У нас во дворе живет одна Мурка — пять дней назад она выпила бутылку йода, за ней приехала скорая помощь и отвезла ее в родильный дом. А через два дня она вернулась домой. Говорят, еще немного — и у нее сгорели бы от йода все внутренности.
Я спрашивал, зачем она пила йод, если от него могут сгореть все внутренности. Мне отвечали, что это не мое дело, и вообще дети не должны повторять каждое слово за взрослыми.
Мама села строчить свои рукавицы, папа вынул из пиджака свежую "Правду” и сказал, что скоро можно будет не выписывать "Чорноморську комуну”, потому что "Правда” теперь приходит на четвертый день, иногда даже на третий, а наша местная — на второй, так что разница в один день.
На Урале — Урал почти Сибирь, четыре тысячи километров от Одессы, — две магнитогорские домны, которые только недавно задули, начали давать по две тысячи тонн чугуна в день. А в Кузнецке, до которого с Урала надо ехать поездом еще трое суток, сдали досрочно две мартеновские печи и первый советский блюминг. На стройке люди работали круглые сутки. Ночью площадку освещали прожектора, ночные смены не хотели снижать выработки. Когда вдруг появлялись плывуны, комсомольцы продолжали рыть землю, стоя по пояс в ледяной воде.
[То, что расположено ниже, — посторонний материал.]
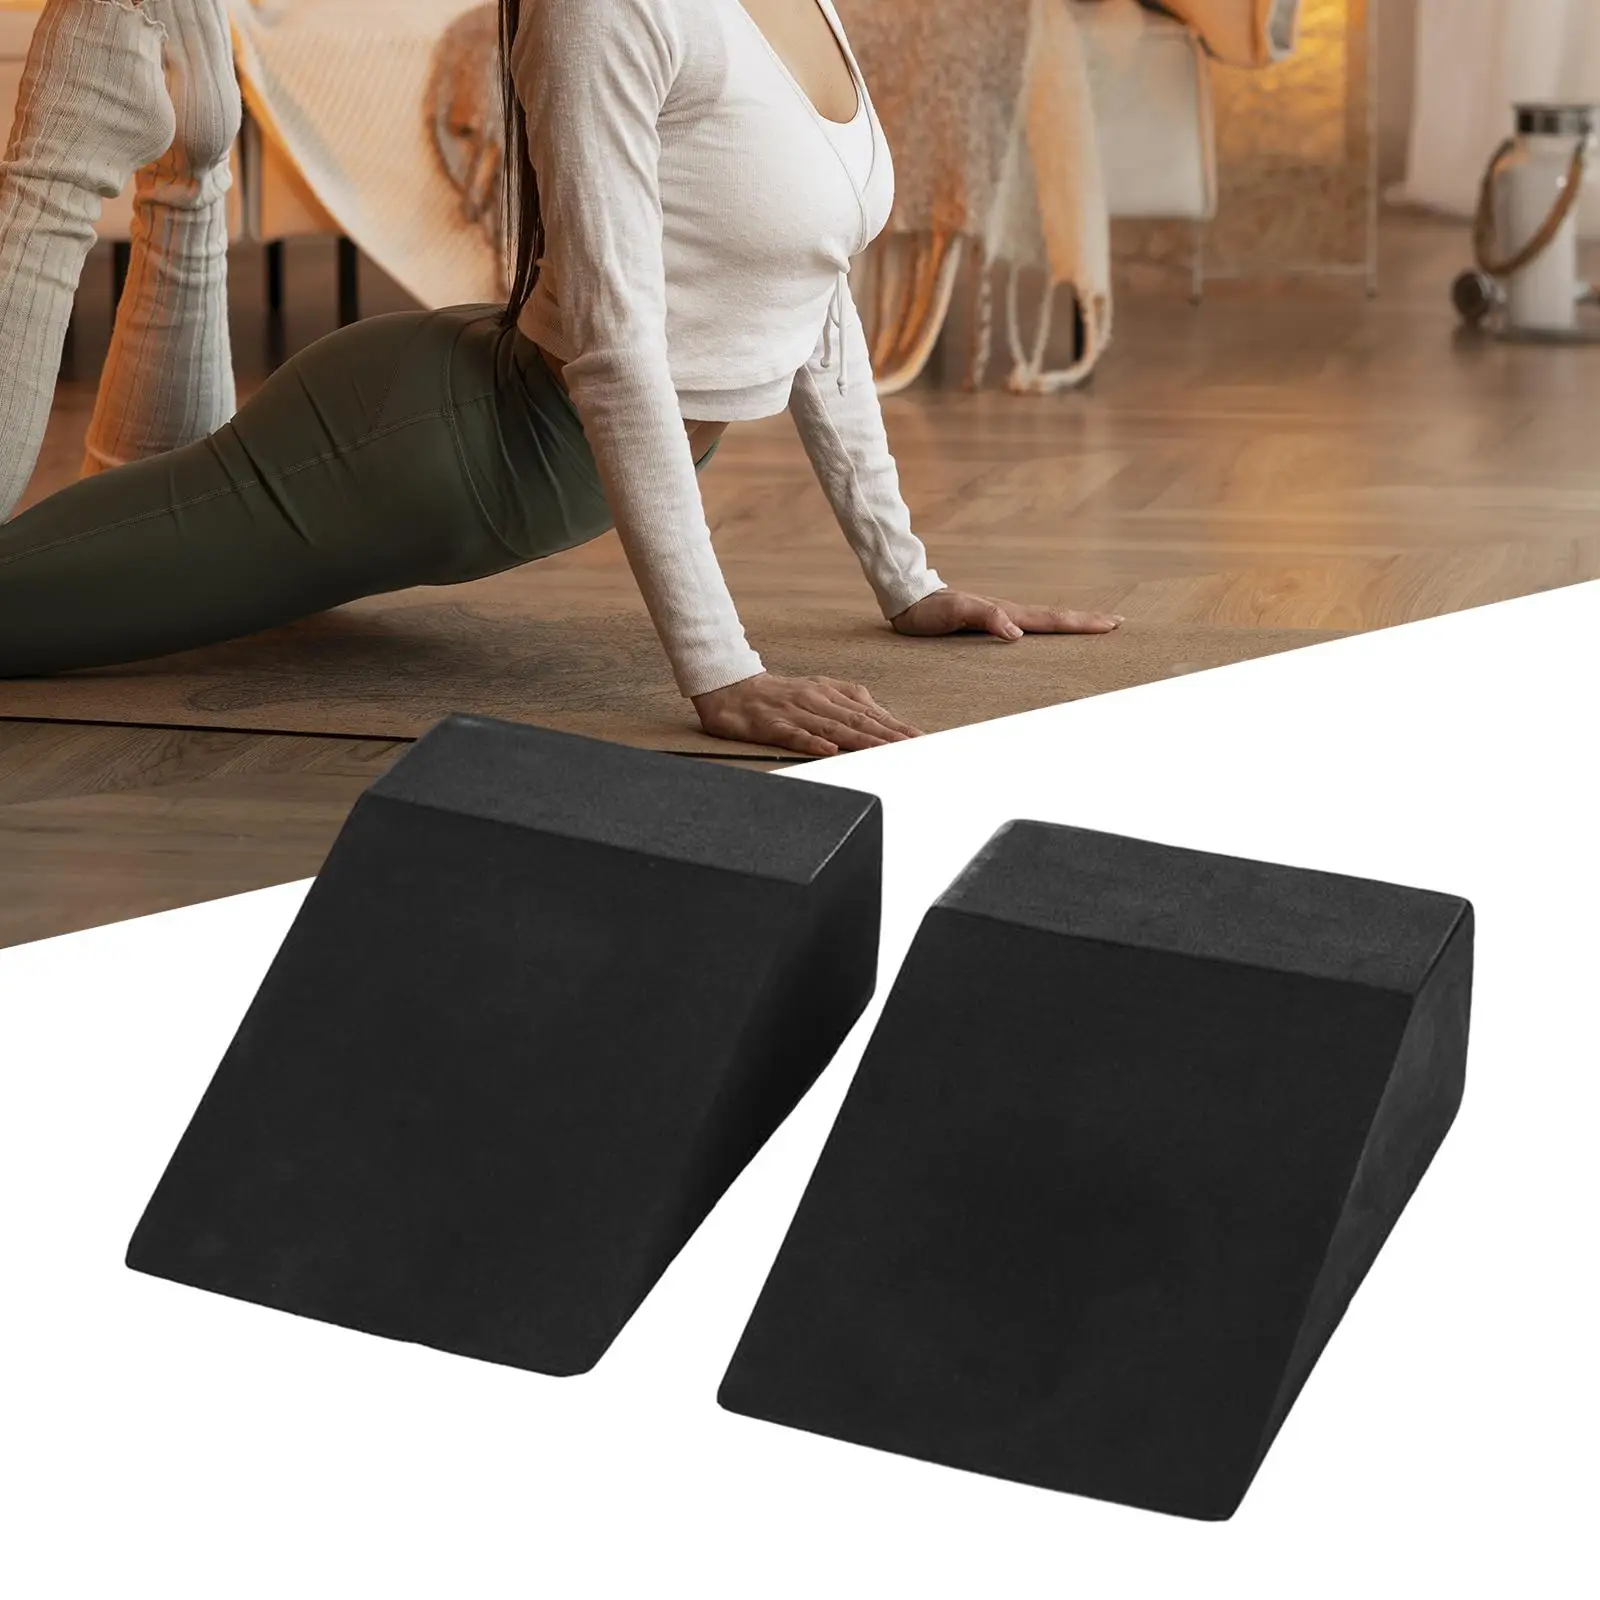 2x Squat Wedge Leg Stretch Training Equipment Yoga Foam Wedge for Sports Tight Calves Ankle Foot Calf Stretching Women Men

— Шутка ли сказать, — вздыхала мама, — в ледяной воде до самого пояса! Не дай бог, ревматизм, воспаление легких…
— Ревматизм, воспаление легких, ангина, коклюш! — разозлился папа. — Кому нужна эта болтовня! А в окопах не было ледяной воды? А вшей в окопах не было! А босиком по снегу, а три дня без куска хлеба, без глотка воды! Много она знает.
Папа правильно говорил: откуда мама могла знать про это — она же не была на гражданской войне. А папа был.
— Много она знает! — сердито повторил папа, и вдруг с коридора рванули нашу дверь и голосом мадам Чеперухи крикнули:
— Торгсин горит!
— Торгсин! — пришла в ужас мама. — Боже мой, это же возле нас!
Мы с папой оделись и побежали на Бебеля.
Мадам Чеперуха сказала правду: торгсин горел. Старик, который стоял рядом, говорил, что горит уже с четверть часа — не меньше. Он только вышел из церкви, и ему сразу показалось, что тянет дымом.
— Носом, носом чую, — удивлялся старик, — а глаза не видят. Ну, а пока дошел…
Что было, когда он дошел, это мы уже сами видели: торгсин горел, и еще как горел! В тех местах, где были окна, метались, как будто они сами боялись пожара и хотели выпрыгнуть на улицу, багровые полосы, а люди стояли и смотрели. Люди стояли на проспекте, стояли на Бебеля — и смотрели. Старик два раза перекрестился:
— Усе спалит, усе геть спалит.
Потом внутри что-то бахнуло, и огонь бросился через дверь на улицу, как будто никаких дверей не было. Люди на тротуаре подались назад, но те, что стояли на мостовой, не хотели отходить и получилась давка. Мне было страшно, я говорил папе, что лучше постоять в садике, что с забора удобнее смотреть, а папа только крепче прижимал меня к себе, чтобы я не потерялся.
На Преображенской задзеленькали колокола; приближаясь к торгсину, колокола звонили все тревожнее, но люди не расступались, и пожарники, когда они подъехали вплотную, ругались и толкали людей шлангами, чтобы пробить себе дорогу.
Огня делалось все больше, он захватил уже всю стену, и я видел, как он перебрасывается на другие дома и подбирается к нашему, потому что мы живем почти рядом — полтора квартала.
— Папа, — закричал я, — идем домой, идем скажем маме…
— Дурачок, — сказал папа, — ты испугался.